Tensions started in July 2017 due to the killing of two Jordanians in Amman and the broken promise by the Israeli government to prosecute the Israeli embassy guard accused of the killings after he was allowed to leave Jordan and return to Israel. In the same month, protests erupted in Jerusalem following the decision by the Israeli government to install metal detectors at the entrances to the Old City’s holy esplanade, where Al Aqsa Mosque and Dome of the Rock are situated. In this context, Trump’s decision in December 2017 to move the US embassy to Jerusalem has further undermined the Jordan-Israel relations. In fact, as the legal custodian of the holy Mosques in Jerusalem’s Old City, Jordan’s King Abdullah is directly affected by developments in the city. One consequence of the current diplomatic crisis has been the suspension of the RSDSC. 

For the Jordanian government, the RSDSC is a national priority, and key to resolve Jordan’s water scarcity. Some implications of not proceeding with the RSDSC would include a sustained decrease in Dead Sea water levels, enhanced water scarcity in large areas of Jordan, with obvious repercussions on state-society relations, economic outlook and stability. Therefore, the Jordanian government is considering alternative solutions, including a RSDSC without Israel and/or joint-desalination on the Red Sea in partnership with Saudi Arabia.

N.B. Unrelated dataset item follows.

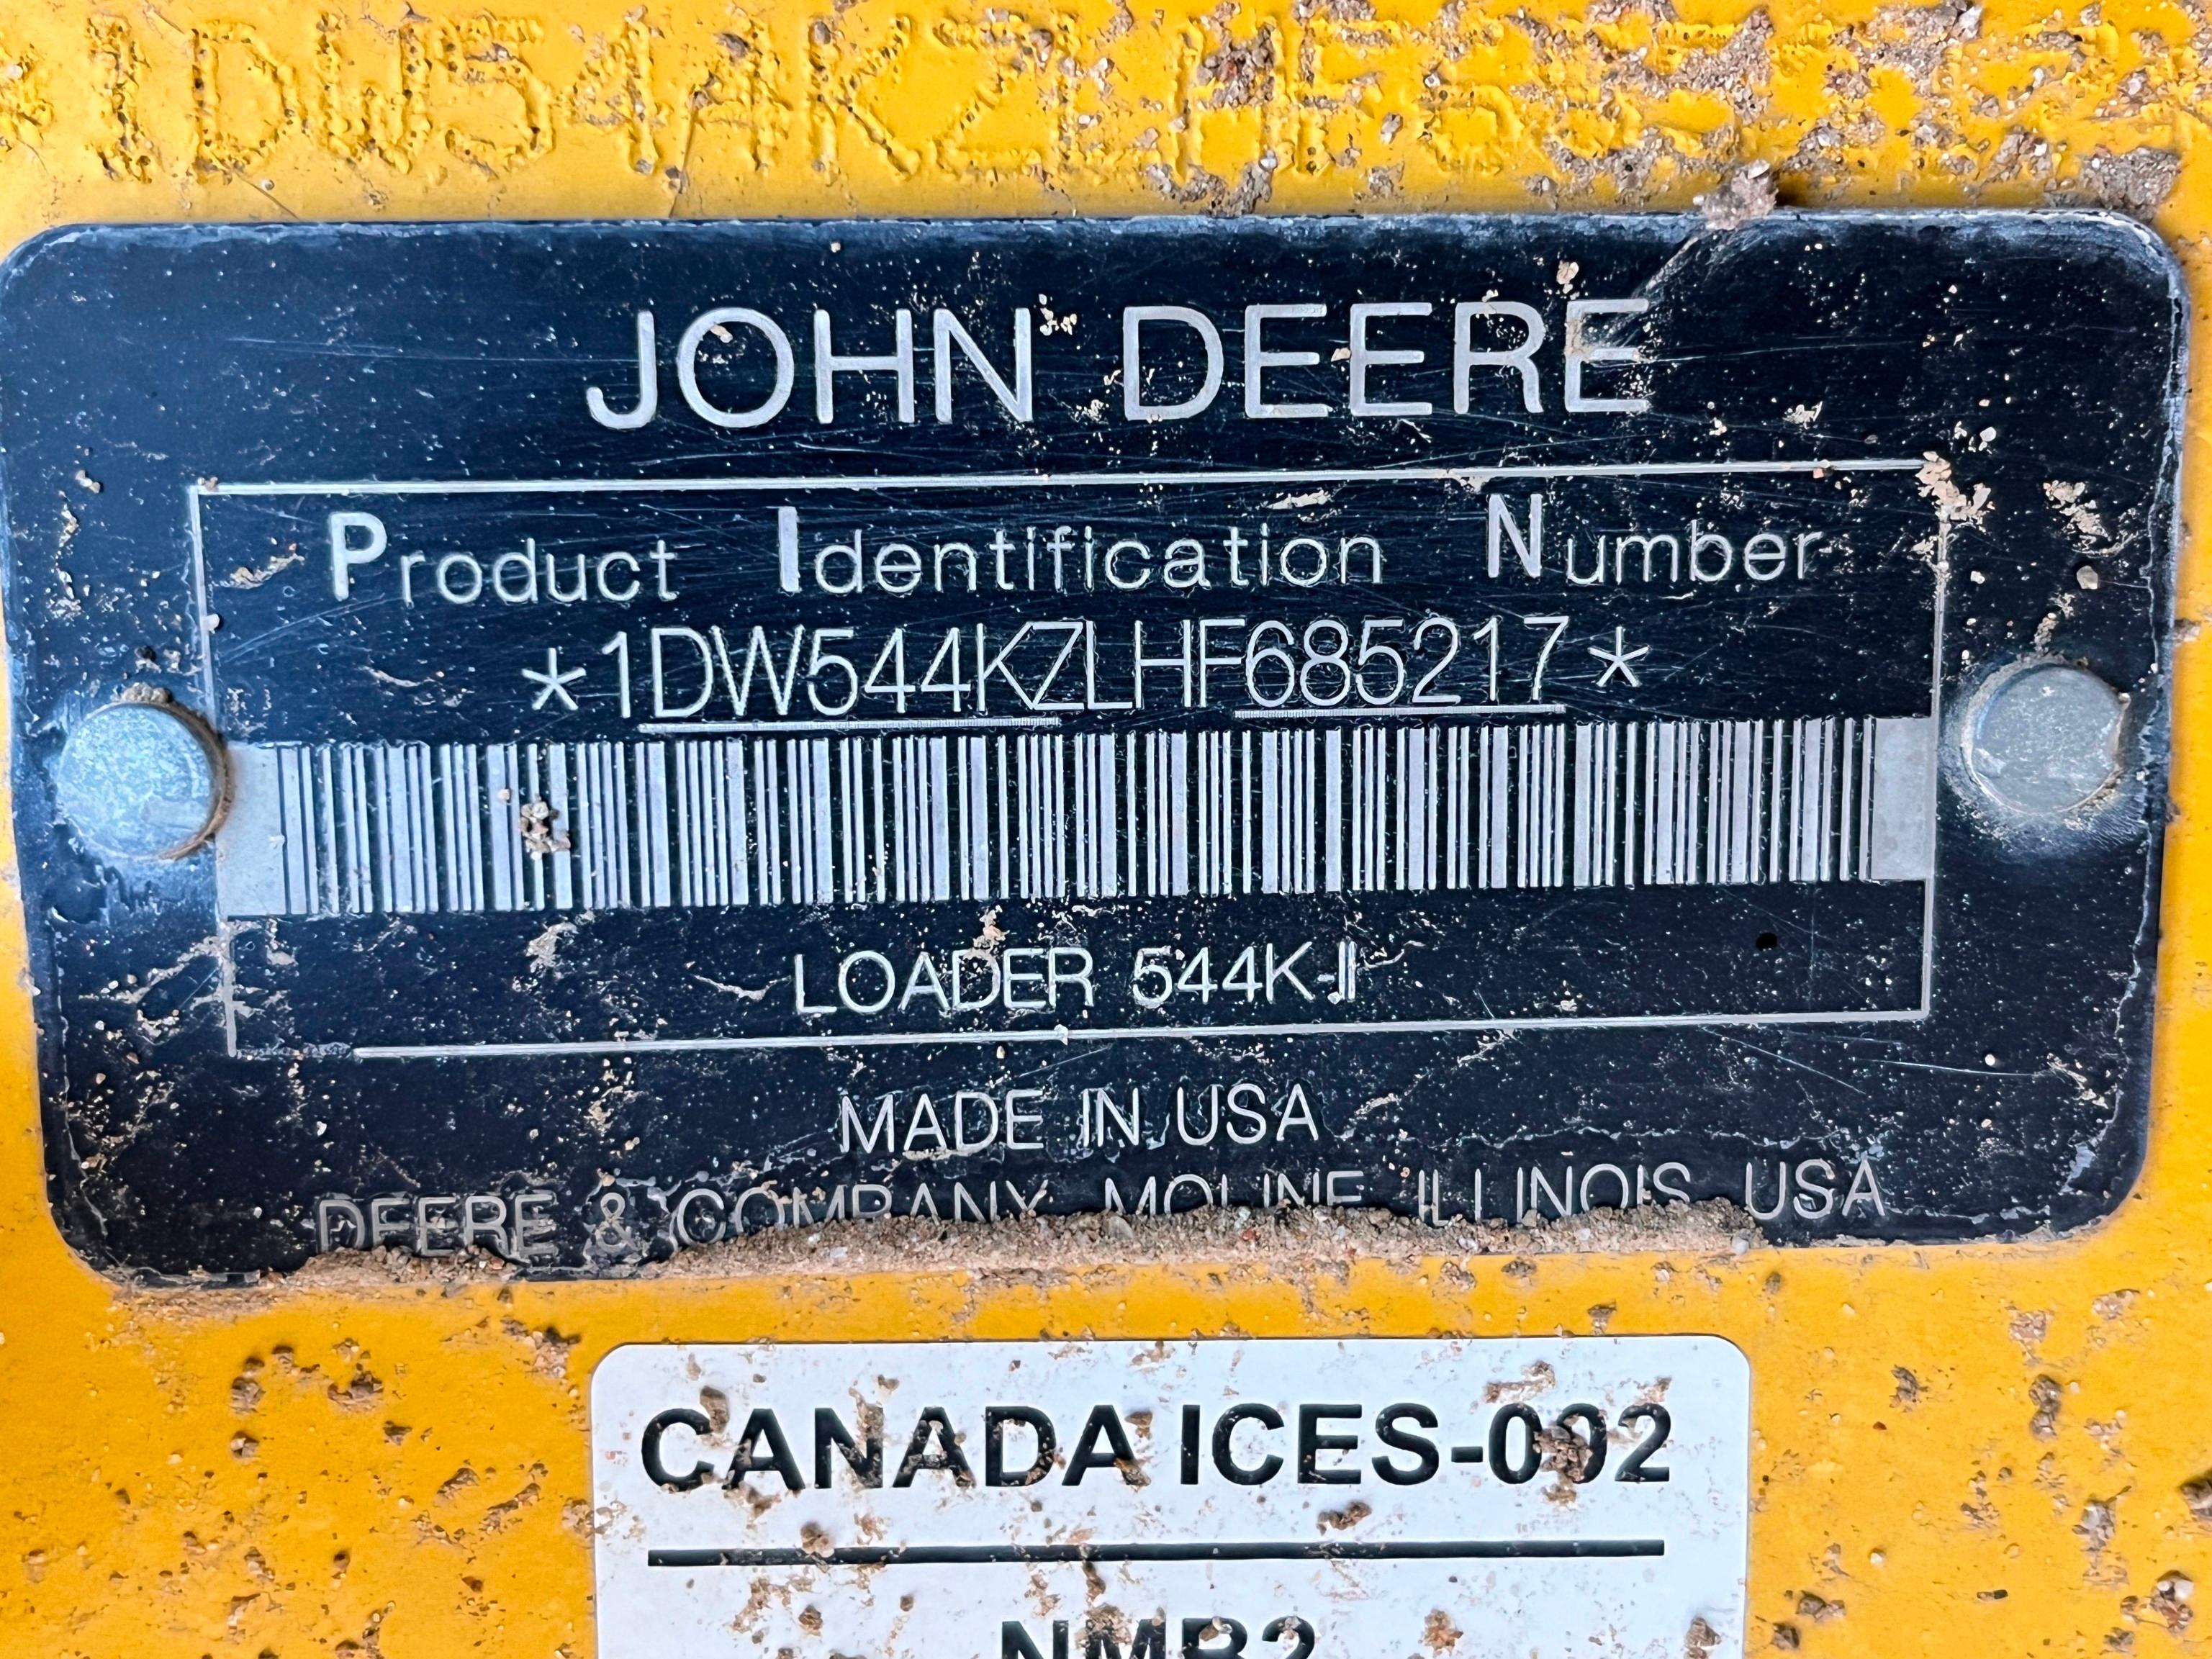 JOHN DEERE 544K SERIES II RUBBER TIRED LOADER SN:1DW544KZLHF685217 powered by John Deere diesel

However, the regional dimension of the project is key to its economic viability, given that international donors attach high importance to this dimension. Other issues are more technical and relate in particular to the means by which Jordan will be able to pump water northwards from Aqaba to Amman. The option of a partnership with Saudi Arabia — building a joint desalination plant on the shores of the Red Sea — could also include an energy element that would allow Jordan to benefit from Saudi energy to pump water northwards. Setting aside the implementation times for such a project, one may wonder whether the new Saudi leadership — and the Trump administration — will be interested in supporting a Saudi-Jordanian project instead of the RSDSC, particularly given its potential to further strain Israeli-Jordanian relations. 

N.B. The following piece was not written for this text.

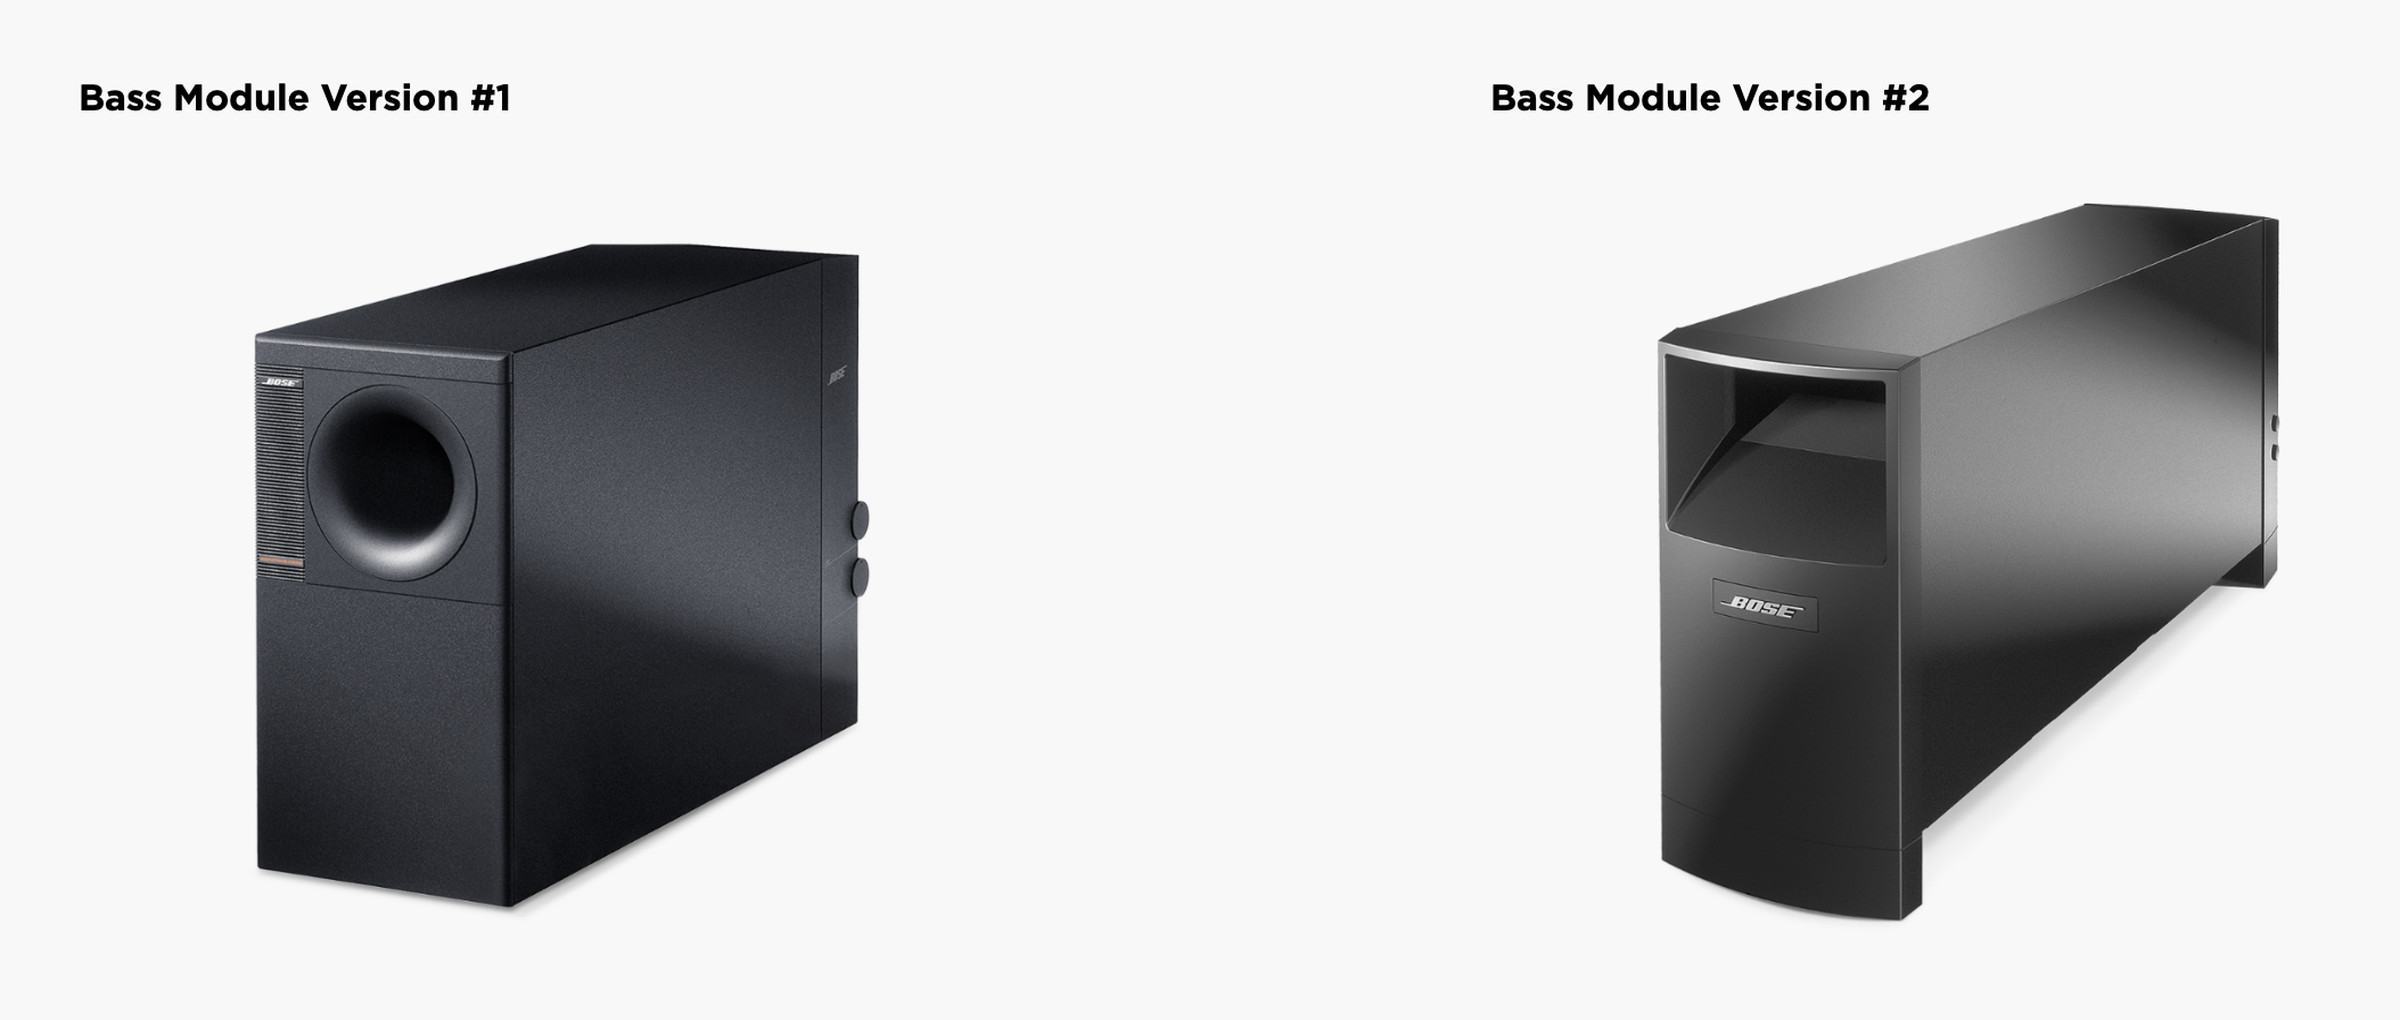 A photo of Bose’s recalled bass modules.

Most of the water resources in Jordan are used for irrigation; but Jordan imports over 90 per cent of the food consumed in the country, and the contribution of the agricultural sector to the GDP is of less than 5 per cent. More can be done to improve the management of water in the agricultural sector. The main cause for the decreasing level of the Dead Sea — about one metre per year — is that the level of its main tributary — the Jordan River — has strongly decreased due to its overexploitation upstream; today only 3 per cent of its original flow reaches the Dead Sea. 

Certainly, bilateral cooperation on water issues between the Jordanian and Israeli governments has faced worst crises. Yet, both countries have also been cooperating on such issues for many decades, even before the formal 1994 peace treaty was signed. Such trends would seem to point to a likely resolution of the crisis in the near future, yet, while in the past the US has played a central role in pushing for regional cooperation, the Trump administration appears to no longer be able (or willing) to play such a role, adding a considerable aura of uncertainty over this. Finally, while the RSDSC project may help Jordan to ensure water security, will it really “save the Dead Sea”? Would it not be environmentally best to rehabilitate the Jordan River, and consequently save the Dead Sea? Can Jordan ensure water security through better water management, especially in the unsustainable agricultural sector?



Hussam Hussein is a postdoctoral research fellow on water security at the Issam Fares Institute for Public Policy and International Affairs, American University of Beirut, Lebanon; and a visiting fellow at the Water Security Research Centre, School of International Development, University of East Anglia, Norwich, UK. He contributed this article to The Jordan Times.